# Exercise directions
Exactly the lines from the one that holds "Gaildorf - Fußzeile" to the end of the data below: retype these and nothing else.

# Extracted data
= = = = =

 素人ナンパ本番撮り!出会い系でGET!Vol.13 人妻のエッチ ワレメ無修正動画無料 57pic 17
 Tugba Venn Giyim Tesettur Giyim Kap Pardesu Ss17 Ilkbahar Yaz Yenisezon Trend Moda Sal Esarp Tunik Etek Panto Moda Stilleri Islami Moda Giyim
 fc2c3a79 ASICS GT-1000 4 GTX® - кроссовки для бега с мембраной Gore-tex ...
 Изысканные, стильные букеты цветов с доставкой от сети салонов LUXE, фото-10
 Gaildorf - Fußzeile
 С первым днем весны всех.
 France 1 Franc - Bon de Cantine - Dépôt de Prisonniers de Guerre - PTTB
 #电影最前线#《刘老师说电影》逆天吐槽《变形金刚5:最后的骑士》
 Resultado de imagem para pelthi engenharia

= = = = =

# Solution to this task
 Gaildorf - Fußzeile
 С первым днем весны всех.
 France 1 Franc - Bon de Cantine - Dépôt de Prisonniers de Guerre - PTTB
 #电影最前线#《刘老师说电影》逆天吐槽《变形金刚5:最后的骑士》
 Resultado de imagem para pelthi engenharia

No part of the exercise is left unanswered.